◆ **RECORD SET**
====================

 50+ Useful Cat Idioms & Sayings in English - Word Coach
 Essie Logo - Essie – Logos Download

====================

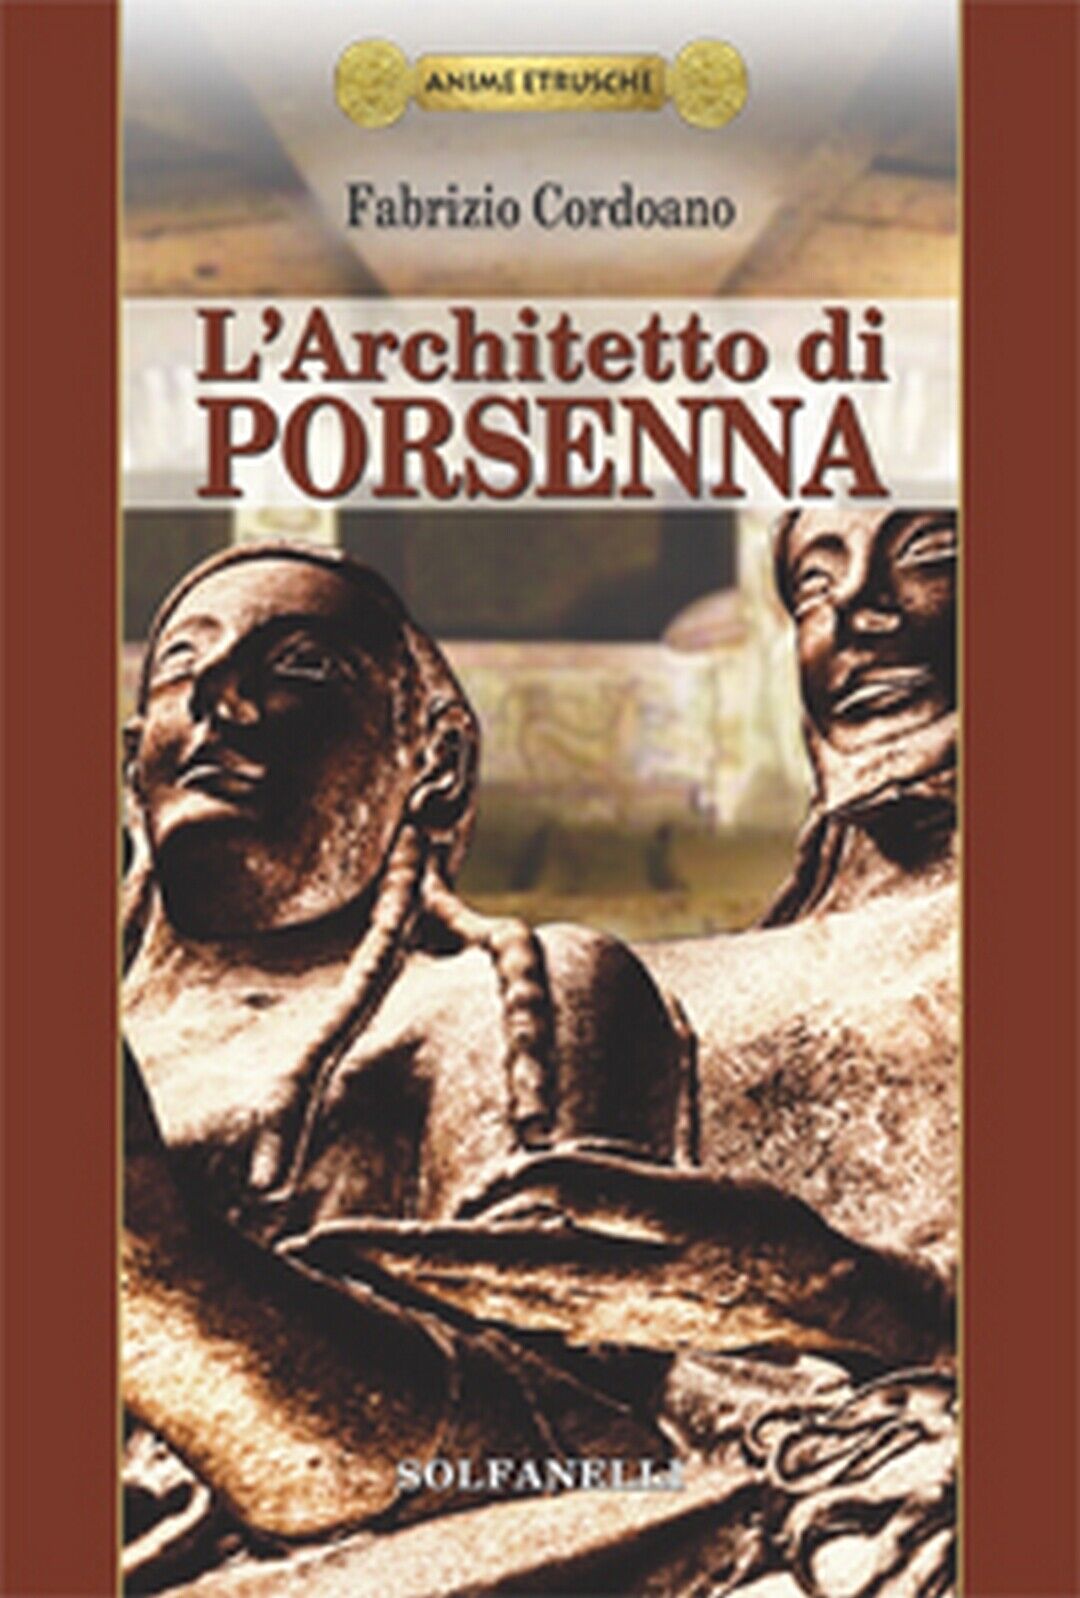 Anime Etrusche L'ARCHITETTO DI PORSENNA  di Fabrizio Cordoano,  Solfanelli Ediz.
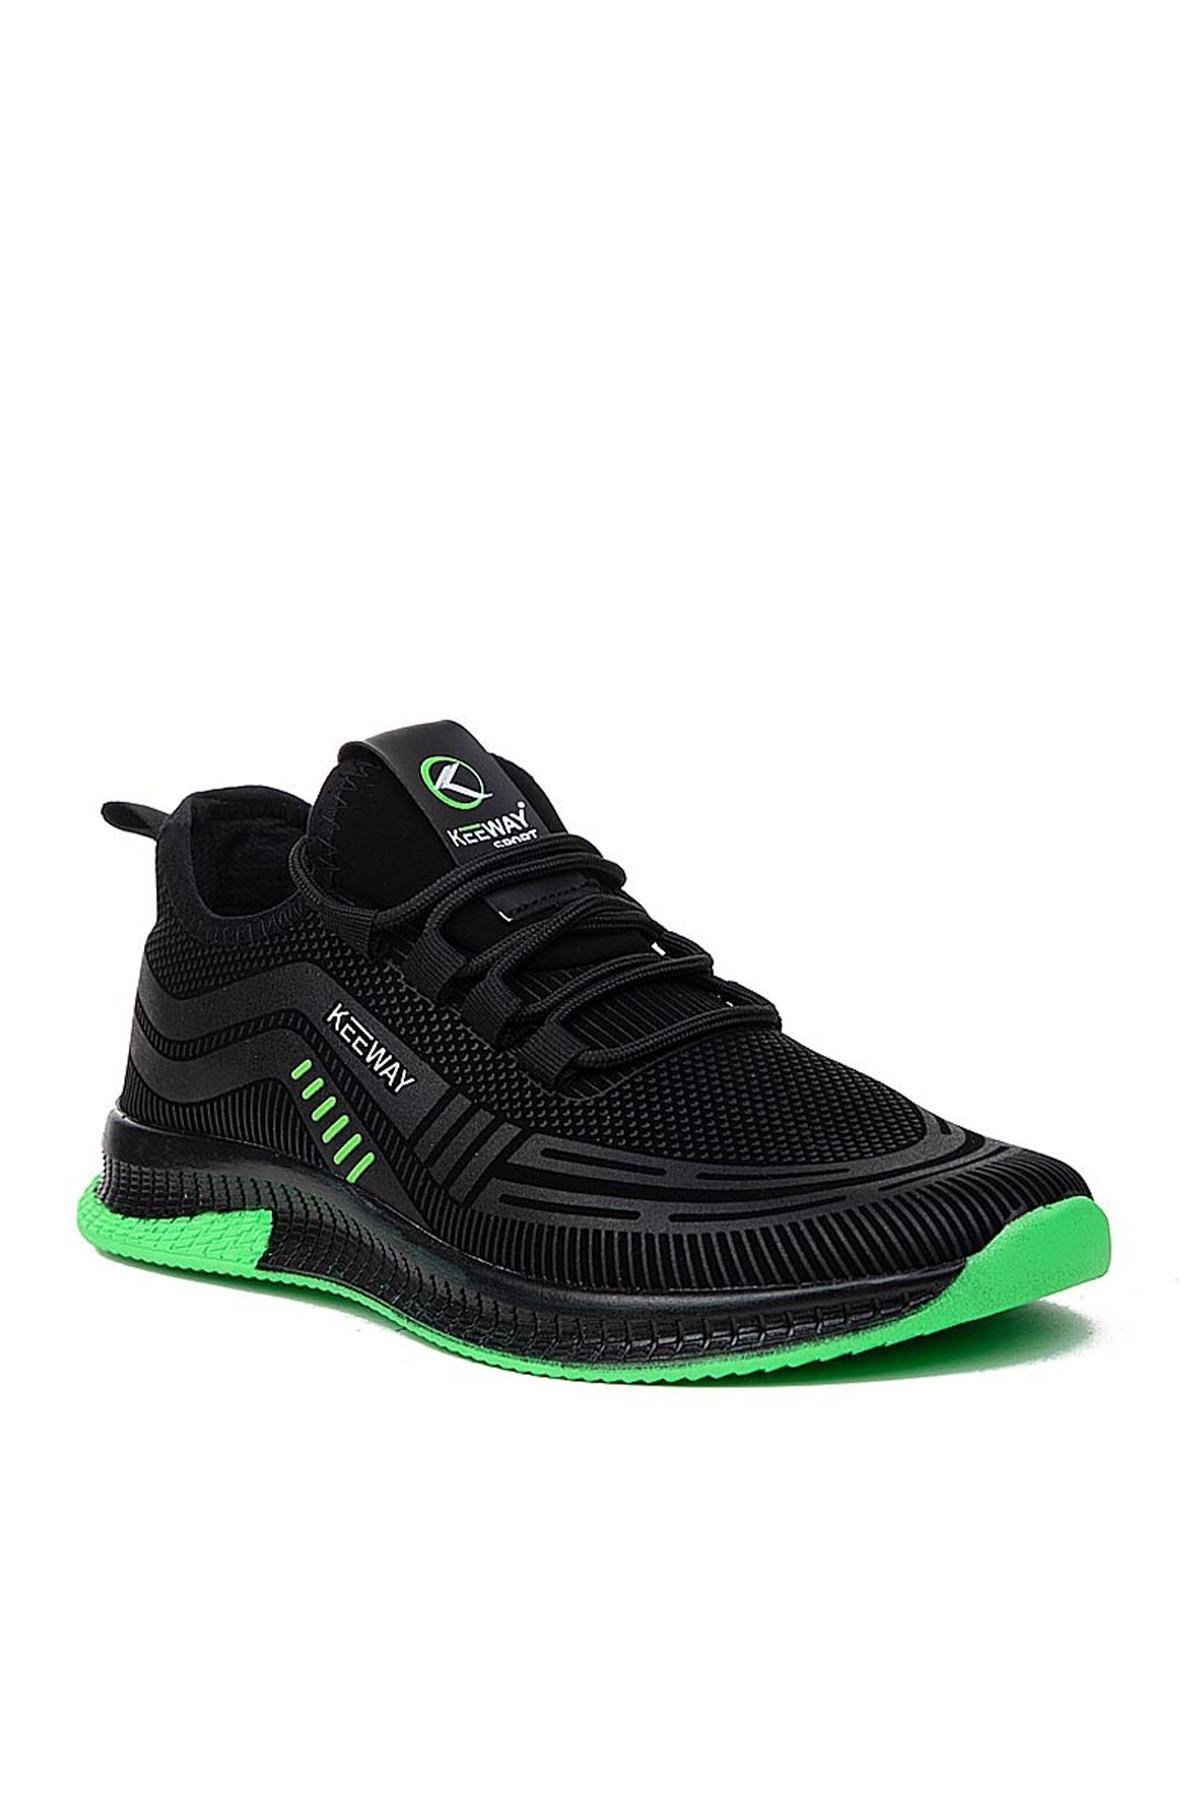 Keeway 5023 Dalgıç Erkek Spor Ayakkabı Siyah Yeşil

====================

Above, find the line holding "Anime Etrusche L'ARCHITETTO" and the line holding "Keeway 5023 Dalgıç". Print exactly those two lines and every line between them, but no pictures.

◆ **COMPLETED TASK**
 Anime Etrusche L'ARCHITETTO DI PORSENNA  di Fabrizio Cordoano,  Solfanelli Ediz.
 Keeway 5023 Dalgıç Erkek Spor Ayakkabı Siyah Yeşil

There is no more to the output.